Она, не поднимаясь, сняла с плиты чайник и налила в чашку кипятка. Чай был ароматный, душистый. Не иначе, как чаем она тоже раньше торговала, знала, какой лучше.
-- За что же накажет? - спросил Максим.
-- Их-то точно не за что, - сказала Наталья. - Не они ж виноваты... Очередники. Кто их тогда спрашивал? Куда поселили, туда и поехали... Может, покрепче чего хочешь? По рюмочке?..
Максим вспомнил свое твердое желание попасть сегодня домой.
-- Нет, - сказал он уверенно. - Спасибо, я зашитый, - от него наверняка пахло пивом, но ему показалось, что так убедительней.
-- Ну вот, - продолжала Наталья, как показалось Максиму, с легким разочарованием. - Отец у них года через два умер - инфаркт. Потом бабку парализовало... Потом мать умерла, надорвалась... Рак у нее был... Тяжело она умирала, ох...- Наталья отмахнулась, отгоняя воспоминания. - И осталась эта Ларка, да бабка парализованная. А в ней ничего, ни твердости, ни умений, ничего. Хоть веревки из нее вяжи. Растерялась... Тут и набежал на нее этот Вася, она ж даже отказать, я думаю, не умела никому. Так и вот... Я уж не знаю, отчего у них бабка-то померла, может, от болезни, а может, и голодом заморили. Ларку-то эту ж кормили как птенчика, в ротик кусочки совали. Она ж, поди, и не знала, что булки не на деревьях растут... Это не Маринка... ух, вот уж эта-то не пропадет... - она снова что-то вспомнила, и на лице у нее отразилась какая-то игра. - Знаешь Маринку-то, в общем. А, человек сам себе наибольший враг, злее врага нету... Ей уж все говорили: Ларка, ну не прописывай ты его, хочешь, пусть живет, черти с ним, только руки себе не связывай... Как же! Она порядочная, ей замуж надо... Я считаю, за то, что Борьку обидели, им это все, пусть не сами, но бог все видит...
Она чуть пригорюнилась и громко отхлебнула чаю.
-- Чем же они его обидели? - сказал Максим.
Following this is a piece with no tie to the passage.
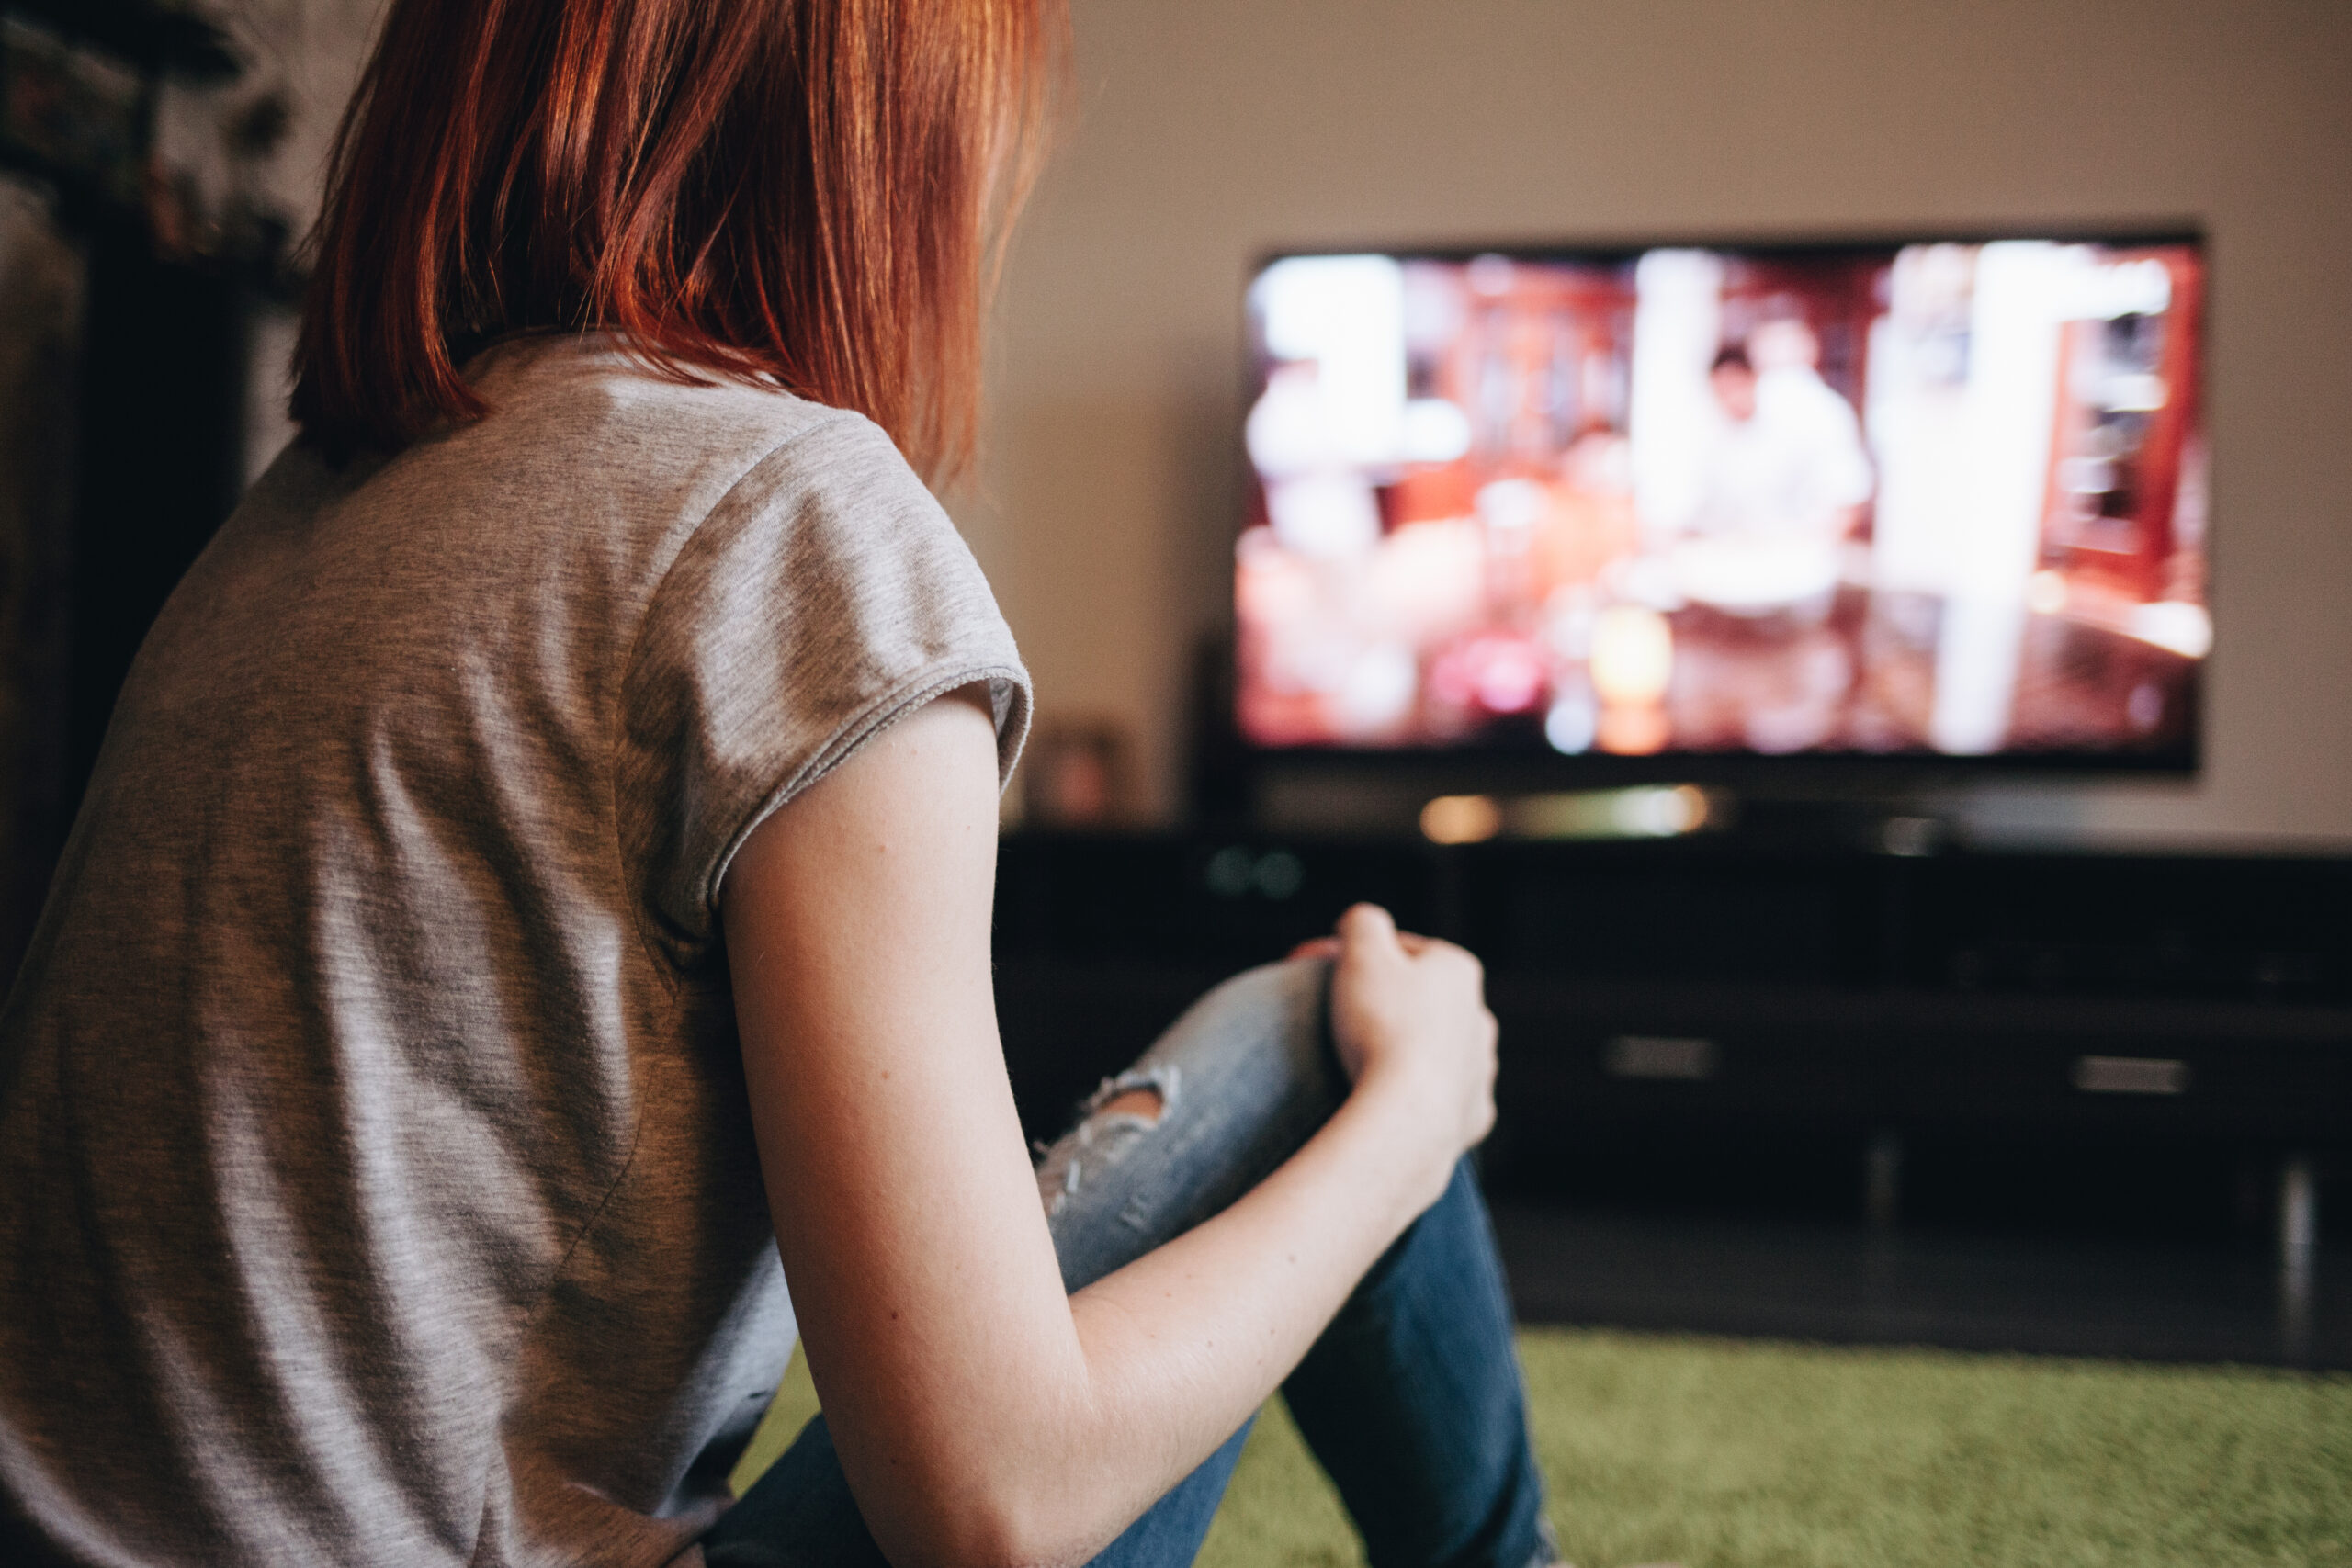 Jovens com menos de 24 anos não vêem TV aberta como os mais velhos; veja por quê
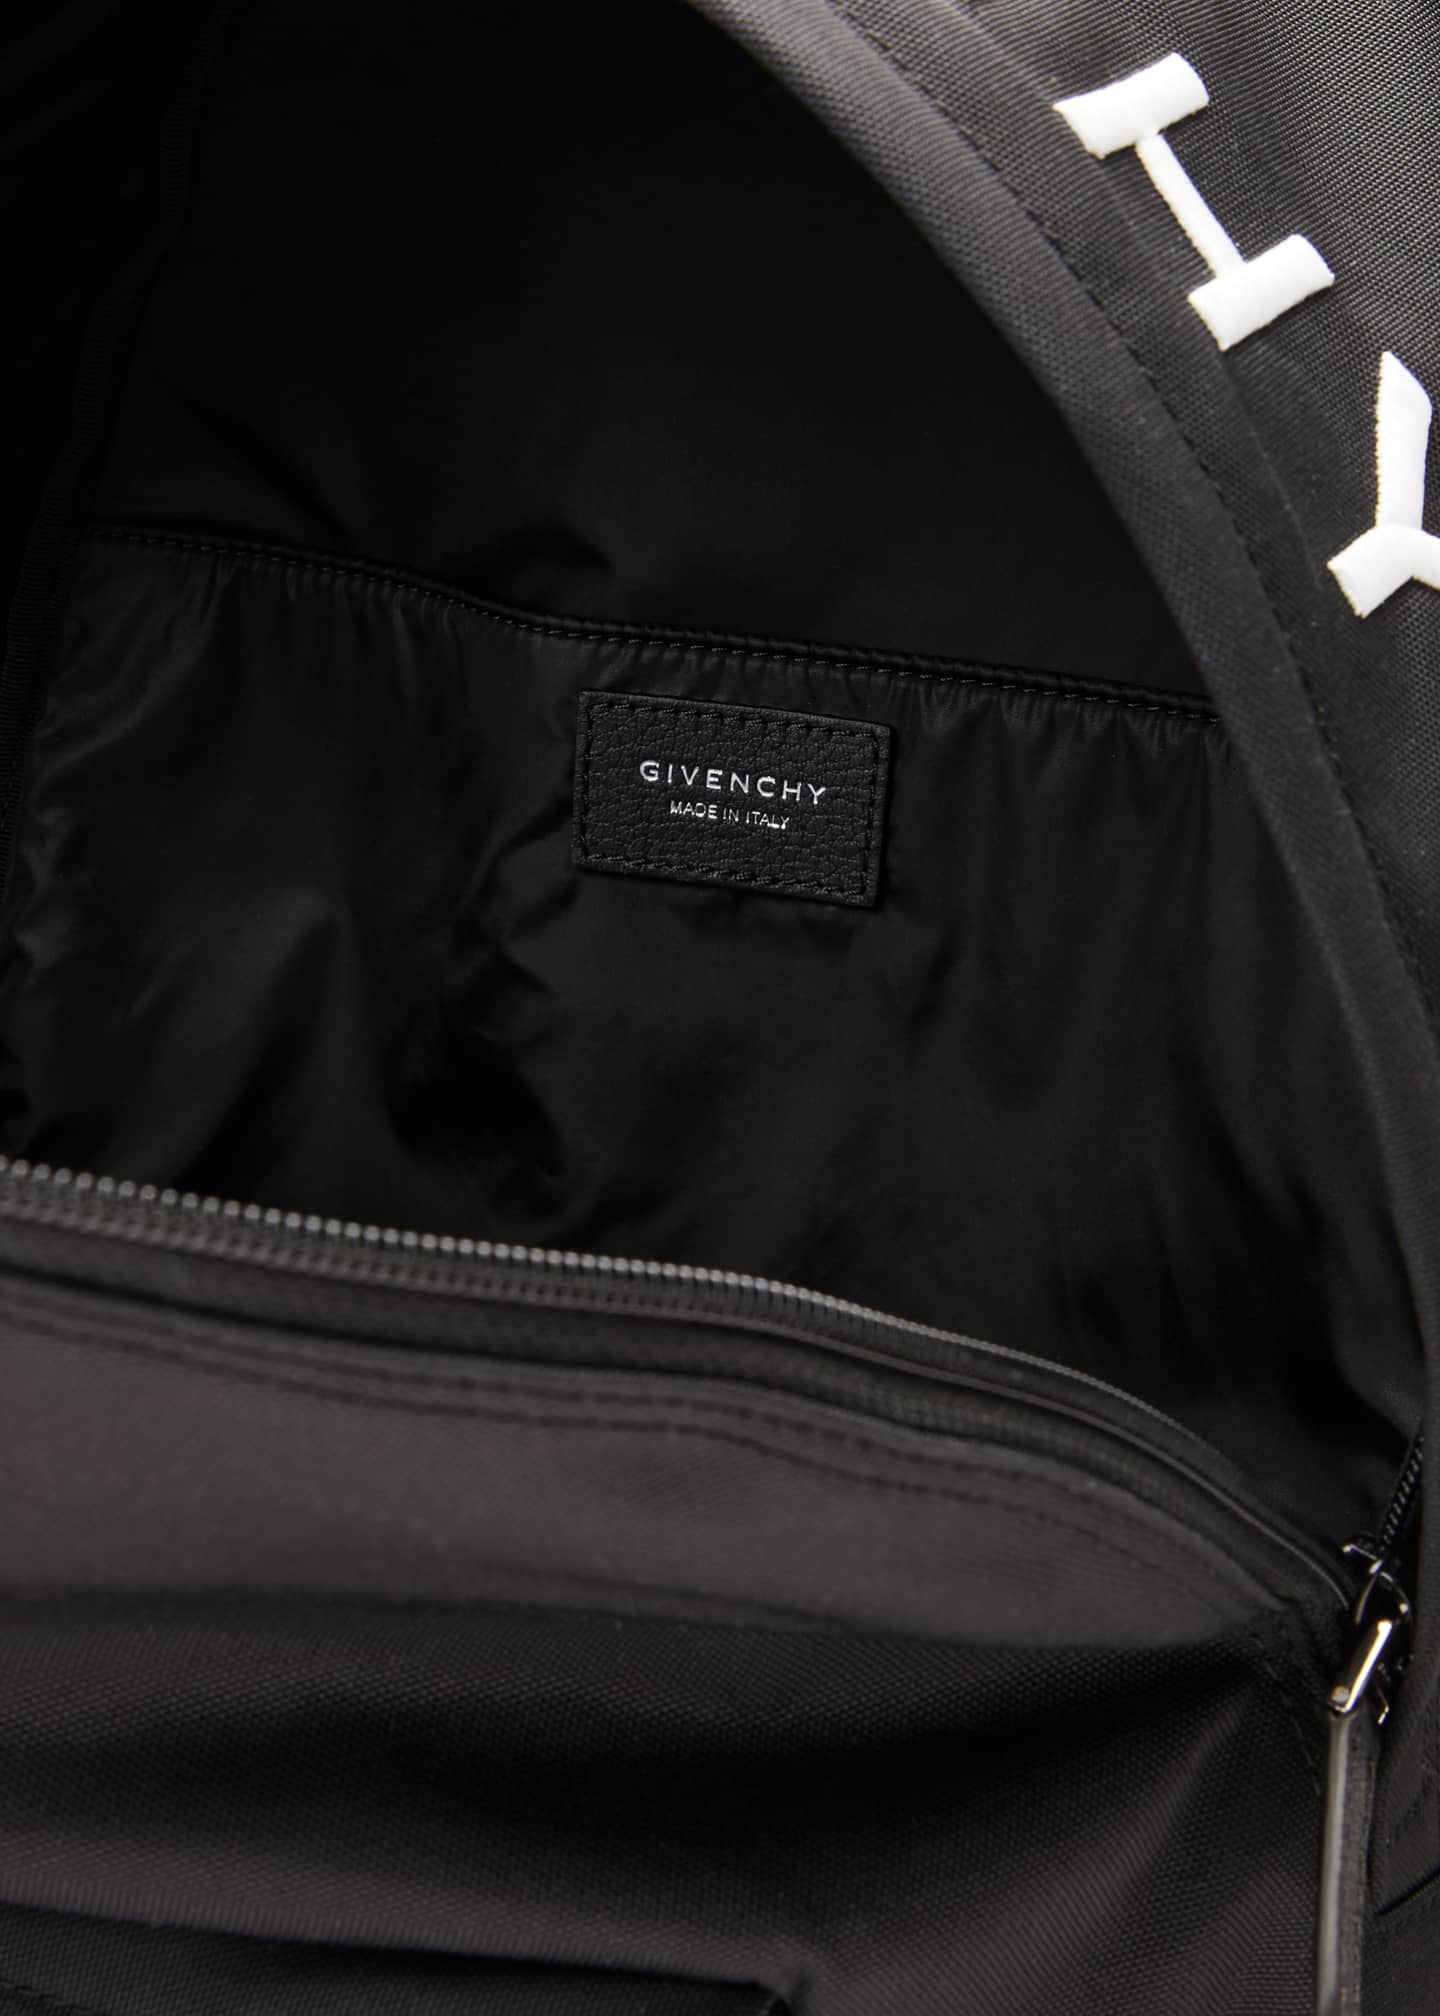 Givenchy Men's Essential U Logo Backpack

-- Как чем? - Наталья поставила чашку и рукой медленно разгладила клеенку на столе. - Квартиры лишили... Приехал он тогда, сам от ветра шатается, а в квартире чужие люди... И попробуй докажи кому, в суд только подавать, а у него, кажется, и с документами проблемы были...
Максиму показалось, что у него потемнело в глазах. Кажется, он даже пролил чай, но вовсе не заметил, что пролил. Пьяница чертова, подумал он со злобой. Несет всякую пургу... Меня ж так кондратий хватит...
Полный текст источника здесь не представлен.